* Problem *
Using the listing below, set down exactly the lines starting at the line that contains "包格日乐吐作品——雕塑系列作品(三) 第3张 包格日乐吐作品——雕塑系列作品(三)" and ending at the line that contains "La nouvelle étude", both included, and no others.
___ Records for processing
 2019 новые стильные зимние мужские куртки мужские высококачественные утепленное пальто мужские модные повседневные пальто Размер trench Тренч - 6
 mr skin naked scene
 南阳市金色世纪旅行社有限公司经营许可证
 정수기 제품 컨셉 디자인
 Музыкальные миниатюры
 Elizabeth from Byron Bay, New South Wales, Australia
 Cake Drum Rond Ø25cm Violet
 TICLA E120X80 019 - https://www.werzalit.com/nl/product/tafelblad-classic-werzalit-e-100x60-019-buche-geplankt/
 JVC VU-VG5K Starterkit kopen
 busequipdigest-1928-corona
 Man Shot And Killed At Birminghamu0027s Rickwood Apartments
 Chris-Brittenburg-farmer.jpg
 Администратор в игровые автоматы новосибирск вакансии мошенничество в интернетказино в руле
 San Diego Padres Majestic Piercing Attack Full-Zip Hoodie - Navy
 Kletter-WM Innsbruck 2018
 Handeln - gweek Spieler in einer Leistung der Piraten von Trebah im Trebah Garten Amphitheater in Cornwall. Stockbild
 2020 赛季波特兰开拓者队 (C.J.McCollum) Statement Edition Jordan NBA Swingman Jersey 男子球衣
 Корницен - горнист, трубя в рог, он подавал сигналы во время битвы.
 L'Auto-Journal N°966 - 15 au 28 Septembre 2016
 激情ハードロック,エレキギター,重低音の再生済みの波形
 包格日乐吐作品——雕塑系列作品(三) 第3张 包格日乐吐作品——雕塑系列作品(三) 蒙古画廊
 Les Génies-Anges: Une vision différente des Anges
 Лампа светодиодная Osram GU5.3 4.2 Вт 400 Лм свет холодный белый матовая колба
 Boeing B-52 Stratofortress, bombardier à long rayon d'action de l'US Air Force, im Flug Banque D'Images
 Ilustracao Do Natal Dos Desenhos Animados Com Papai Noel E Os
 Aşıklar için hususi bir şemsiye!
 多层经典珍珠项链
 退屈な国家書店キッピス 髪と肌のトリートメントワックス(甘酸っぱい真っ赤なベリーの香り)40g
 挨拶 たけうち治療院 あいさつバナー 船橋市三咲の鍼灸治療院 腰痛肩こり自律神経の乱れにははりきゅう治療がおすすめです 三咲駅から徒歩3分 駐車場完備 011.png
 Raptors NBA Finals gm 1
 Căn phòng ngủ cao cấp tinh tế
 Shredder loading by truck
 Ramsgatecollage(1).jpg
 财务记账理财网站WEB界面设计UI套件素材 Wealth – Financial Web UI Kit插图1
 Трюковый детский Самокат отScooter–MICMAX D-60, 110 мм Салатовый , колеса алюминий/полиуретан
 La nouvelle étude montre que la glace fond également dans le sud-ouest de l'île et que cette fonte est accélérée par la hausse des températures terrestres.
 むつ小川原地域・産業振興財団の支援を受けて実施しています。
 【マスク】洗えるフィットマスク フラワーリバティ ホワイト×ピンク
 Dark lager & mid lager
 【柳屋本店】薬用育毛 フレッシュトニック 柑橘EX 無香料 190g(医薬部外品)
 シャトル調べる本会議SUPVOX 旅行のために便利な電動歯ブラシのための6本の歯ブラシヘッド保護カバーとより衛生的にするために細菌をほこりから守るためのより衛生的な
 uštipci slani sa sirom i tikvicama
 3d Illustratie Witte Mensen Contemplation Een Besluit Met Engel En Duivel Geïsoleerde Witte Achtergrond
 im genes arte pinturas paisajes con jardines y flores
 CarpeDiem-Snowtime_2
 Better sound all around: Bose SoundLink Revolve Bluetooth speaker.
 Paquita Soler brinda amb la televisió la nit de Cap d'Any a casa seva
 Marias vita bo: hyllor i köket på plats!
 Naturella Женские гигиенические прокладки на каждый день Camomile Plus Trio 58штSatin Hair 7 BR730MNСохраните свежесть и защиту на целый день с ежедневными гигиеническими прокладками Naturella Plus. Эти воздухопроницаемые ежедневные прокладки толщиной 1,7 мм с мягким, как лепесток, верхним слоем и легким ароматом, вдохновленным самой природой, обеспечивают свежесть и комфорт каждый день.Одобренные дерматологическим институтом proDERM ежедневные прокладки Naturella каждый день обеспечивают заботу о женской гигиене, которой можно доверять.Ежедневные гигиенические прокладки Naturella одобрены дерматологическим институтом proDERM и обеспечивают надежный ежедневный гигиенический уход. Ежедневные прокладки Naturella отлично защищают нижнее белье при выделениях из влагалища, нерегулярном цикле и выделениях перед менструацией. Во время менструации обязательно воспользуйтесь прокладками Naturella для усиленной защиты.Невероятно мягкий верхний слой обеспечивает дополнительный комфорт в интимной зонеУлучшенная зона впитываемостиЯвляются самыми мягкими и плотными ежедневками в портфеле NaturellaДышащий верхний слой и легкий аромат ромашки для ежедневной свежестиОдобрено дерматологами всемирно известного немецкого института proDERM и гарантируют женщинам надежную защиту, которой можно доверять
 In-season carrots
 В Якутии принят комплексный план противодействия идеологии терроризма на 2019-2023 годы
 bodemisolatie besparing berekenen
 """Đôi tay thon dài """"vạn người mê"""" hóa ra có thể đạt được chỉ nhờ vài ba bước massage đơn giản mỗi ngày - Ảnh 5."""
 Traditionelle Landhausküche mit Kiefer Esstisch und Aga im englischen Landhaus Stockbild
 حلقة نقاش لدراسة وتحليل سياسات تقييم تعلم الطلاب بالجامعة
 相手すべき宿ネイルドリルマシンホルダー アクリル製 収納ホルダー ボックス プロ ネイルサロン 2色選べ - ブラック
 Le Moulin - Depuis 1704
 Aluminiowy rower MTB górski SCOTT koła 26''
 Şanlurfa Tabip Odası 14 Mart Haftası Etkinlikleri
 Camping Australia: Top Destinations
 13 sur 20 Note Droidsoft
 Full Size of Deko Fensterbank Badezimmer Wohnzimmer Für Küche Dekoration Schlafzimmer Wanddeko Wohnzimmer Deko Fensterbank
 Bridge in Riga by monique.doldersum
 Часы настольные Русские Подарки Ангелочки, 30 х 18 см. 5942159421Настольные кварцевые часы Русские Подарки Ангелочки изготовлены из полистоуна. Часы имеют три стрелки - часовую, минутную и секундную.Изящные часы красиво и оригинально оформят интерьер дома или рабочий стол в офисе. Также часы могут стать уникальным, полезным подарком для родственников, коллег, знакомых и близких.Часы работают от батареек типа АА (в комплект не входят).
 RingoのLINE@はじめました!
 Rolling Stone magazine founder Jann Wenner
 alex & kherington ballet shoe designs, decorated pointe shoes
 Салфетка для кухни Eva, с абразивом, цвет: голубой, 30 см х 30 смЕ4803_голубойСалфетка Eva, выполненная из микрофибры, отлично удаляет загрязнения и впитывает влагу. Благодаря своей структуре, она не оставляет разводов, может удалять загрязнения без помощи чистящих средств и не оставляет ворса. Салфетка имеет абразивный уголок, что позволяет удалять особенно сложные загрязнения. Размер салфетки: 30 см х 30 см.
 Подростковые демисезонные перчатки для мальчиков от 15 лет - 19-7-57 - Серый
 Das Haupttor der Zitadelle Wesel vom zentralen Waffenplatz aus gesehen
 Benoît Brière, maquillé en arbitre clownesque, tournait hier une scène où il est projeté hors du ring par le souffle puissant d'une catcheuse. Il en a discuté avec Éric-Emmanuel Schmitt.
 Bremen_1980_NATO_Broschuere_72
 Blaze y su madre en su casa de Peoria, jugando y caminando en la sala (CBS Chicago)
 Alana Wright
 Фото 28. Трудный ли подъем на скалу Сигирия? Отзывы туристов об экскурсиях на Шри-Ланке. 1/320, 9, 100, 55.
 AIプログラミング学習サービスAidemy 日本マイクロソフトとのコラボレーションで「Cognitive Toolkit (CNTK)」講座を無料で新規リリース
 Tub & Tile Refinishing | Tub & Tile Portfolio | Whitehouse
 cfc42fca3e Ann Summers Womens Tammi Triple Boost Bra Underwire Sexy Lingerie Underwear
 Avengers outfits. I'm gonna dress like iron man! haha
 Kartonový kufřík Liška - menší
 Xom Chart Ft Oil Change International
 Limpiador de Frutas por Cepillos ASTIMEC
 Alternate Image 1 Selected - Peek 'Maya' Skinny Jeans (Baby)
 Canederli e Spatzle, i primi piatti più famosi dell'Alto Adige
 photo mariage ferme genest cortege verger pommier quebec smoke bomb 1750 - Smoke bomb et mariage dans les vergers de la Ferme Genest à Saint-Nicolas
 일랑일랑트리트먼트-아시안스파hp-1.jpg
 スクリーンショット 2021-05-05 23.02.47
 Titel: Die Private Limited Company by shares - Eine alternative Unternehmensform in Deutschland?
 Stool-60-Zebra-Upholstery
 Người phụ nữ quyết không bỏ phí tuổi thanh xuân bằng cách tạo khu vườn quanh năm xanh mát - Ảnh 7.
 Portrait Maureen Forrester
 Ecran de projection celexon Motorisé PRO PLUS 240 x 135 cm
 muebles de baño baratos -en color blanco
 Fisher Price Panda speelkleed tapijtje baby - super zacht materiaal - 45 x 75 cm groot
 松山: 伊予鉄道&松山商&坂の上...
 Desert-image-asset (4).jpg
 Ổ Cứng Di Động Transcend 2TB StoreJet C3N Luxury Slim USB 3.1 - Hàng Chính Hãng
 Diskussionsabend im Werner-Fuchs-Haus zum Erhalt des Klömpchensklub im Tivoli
______
* Answer box *
 包格日乐吐作品——雕塑系列作品(三) 第3张 包格日乐吐作品——雕塑系列作品(三) 蒙古画廊
 Les Génies-Anges: Une vision différente des Anges
 Лампа светодиодная Osram GU5.3 4.2 Вт 400 Лм свет холодный белый матовая колба
 Boeing B-52 Stratofortress, bombardier à long rayon d'action de l'US Air Force, im Flug Banque D'Images
 Ilustracao Do Natal Dos Desenhos Animados Com Papai Noel E Os
 Aşıklar için hususi bir şemsiye!
 多层经典珍珠项链
 退屈な国家書店キッピス 髪と肌のトリートメントワックス(甘酸っぱい真っ赤なベリーの香り)40g
 挨拶 たけうち治療院 あいさつバナー 船橋市三咲の鍼灸治療院 腰痛肩こり自律神経の乱れにははりきゅう治療がおすすめです 三咲駅から徒歩3分 駐車場完備 011.png
 Raptors NBA Finals gm 1
 Căn phòng ngủ cao cấp tinh tế
 Shredder loading by truck
 Ramsgatecollage(1).jpg
 财务记账理财网站WEB界面设计UI套件素材 Wealth – Financial Web UI Kit插图1
 Трюковый детский Самокат отScooter–MICMAX D-60, 110 мм Салатовый , колеса алюминий/полиуретан
 La nouvelle étude montre que la glace fond également dans le sud-ouest de l'île et que cette fonte est accélérée par la hausse des températures terrestres.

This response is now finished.